The ringing of phones at Australia's last big commercial wool spinner sounded the alarm late last March.
Then the online orders started flooding in.
Bendigo Woollen Mills in Victoria, the last of its kind, had somehow survived a Tsunami of cheap imports but like almost everyone else when coronavirus arrived, was considering closing its doors and sending staff home to ride it out.
Today it is one of the bigger success stories of the pandemic.
"We didn't see it coming, until those phones started ringing," the mill's national sales manager Wayne McMahon said.
People in lockdown had quickly turned to some almost forgotten crafts like knitting to relieve their boredom.
They were surprised and happy to find an Australian business was still available.
Bendigo Woollen Mills sold five year's worth of product in four months.
They still can't keep up.
Staff worked through their Easter holidays, extra shifts were organised until the little factory was humming around the clock.

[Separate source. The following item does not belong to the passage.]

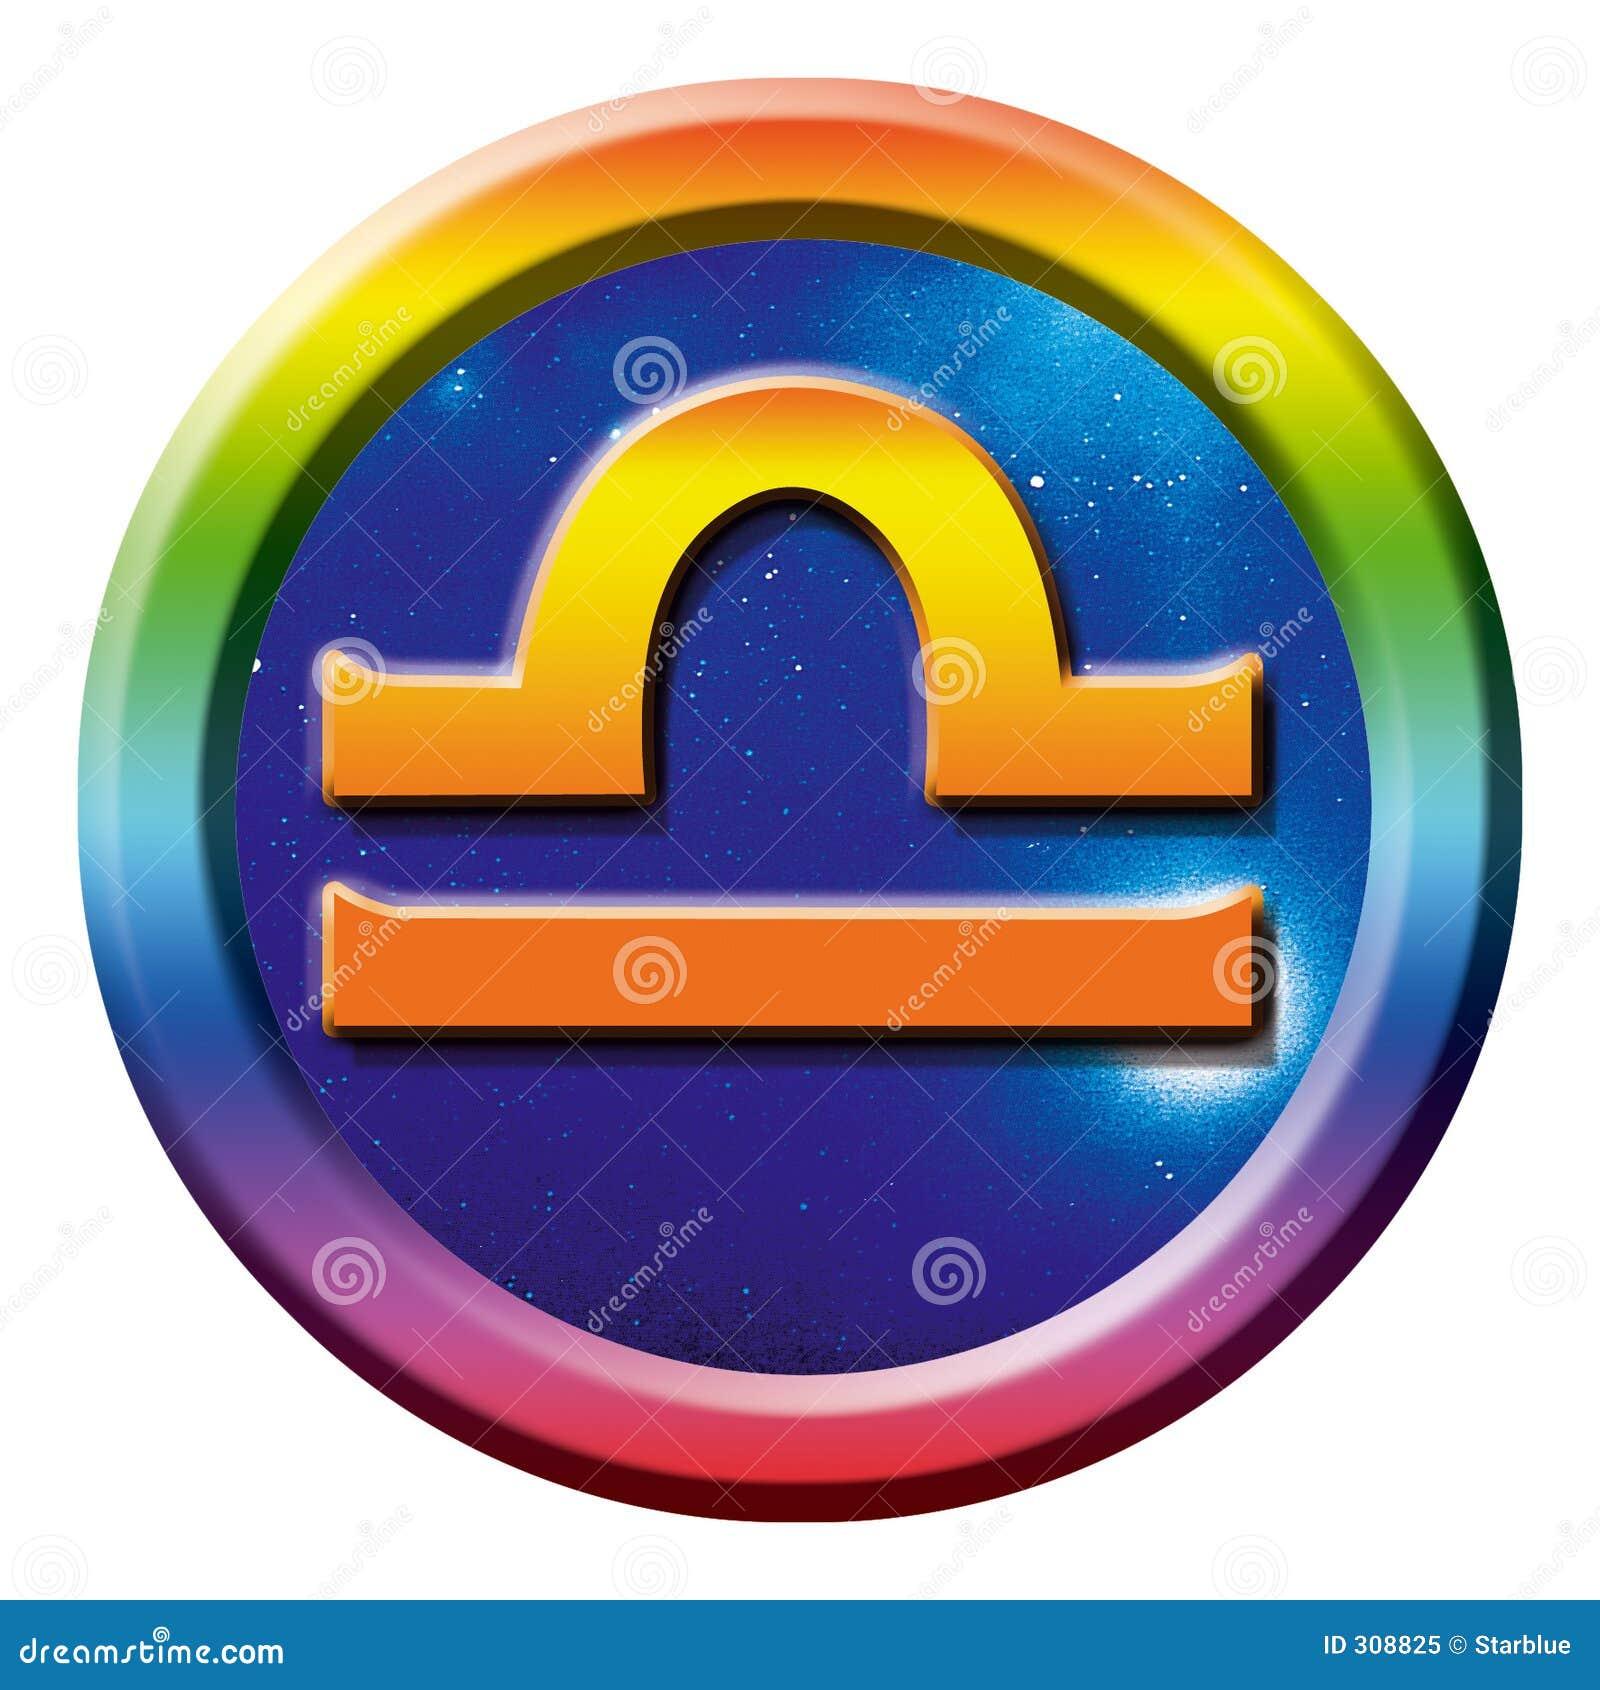 Astrology sign libra

Orders came in from around the country - Queensland, NSW, WA, South Australia and Victoria plus also New Zealand.
The mail-room at the mill is still weeks behind.
Retailers opened their stores again starting with click and collect.
The mill employs almost 100 people between Bendigo and Wangaratta and are still going flat out today in the supposed "off" season, trying to build up stock for the proper season - winter.
Those people who took up the knitting needles and the crochet hooks haven't put them down yet.
They are becoming better skilled and more creative, wanting more challenging patterns and projects - and more wool.
Australia used to be home to hundreds of spinning mills like Bendigo, in a time when scouring was done locally.
Today the world's biggest woolgrowing nation has to send their product offshore for scouring, to China.
Cheap imports from places like China, India and Turkey put the Aussie mills out of action, all accept Bendigo which kept its niche business.
A takeover of the Australian Country Spinners at Wangaratta saw the Australian Yarn Company formed which now supplies 800 outlets in Australia and New Zealand.
Unfortunately Australia is not going to knit its way out of its wool woes.
Even at its super-charged best, Bendigo Woollen Mills only uses several hundred tonnes of wool a year.
Australian growers produce more than 300,000 tonnes each year.
A central NSW buyer takes his premium pick from regular Merino wool suppliers from the Riverina of NSW and Tasmania with microns ranging from a course 29 to superfine 16.
The factory needs a long staple, for the mill machines.
The wool is sent off to China for scouring and returns to Bendigo for grading, dyeing, spinning and sometimes blending.
Today the mill is belting through about 2600 kilograms of wool each day.
Over the 36 years the mill has been operation and under the ownership of Colin Walker, they have recognised spinning big volumes of wool is an art form.
They manage temperature, moisture and gently jockey the speed of the machines.
Keeping experienced hands is an important part of the equation, many of the staff have stayed with the mill for many years.
The mill had been survivor thanks for the mail-order business, publishing their own pattern books and operating a helpline for customers.
The business has seasons, although demand for whites and cream colours is year-round, for babies of course when you don't know what the gender will be.
And while on colours, different states have bigger demands for different colours, it all depends on their football teams.
And Victoria remains the best state for overall sales. It stays colder for longer, Mr McMahon says.
Mr McMahon believes the love of knitting had skipped a generation - his.
"Most people say their mothers used to do it and now we see their grandchildren are doing it.
"Knitting is cool again apparently."
He says wool is back in vogue as well and urged marketers to continue promoting its "naturalness" against environmentally unfriendly synthetics.
"Plus the wools today are a lot different from the school jumper we all used to have which itched so much," he said.
"Today's wool is nothing like that."
Mr McMahon has been in the wool spinning game for 30 years and has never seen anything like the current demand which he reckons will continue.
"They're hooked, we have lots of people who saying they started knitting during the lockdown and couldn't believe how relaxing it is."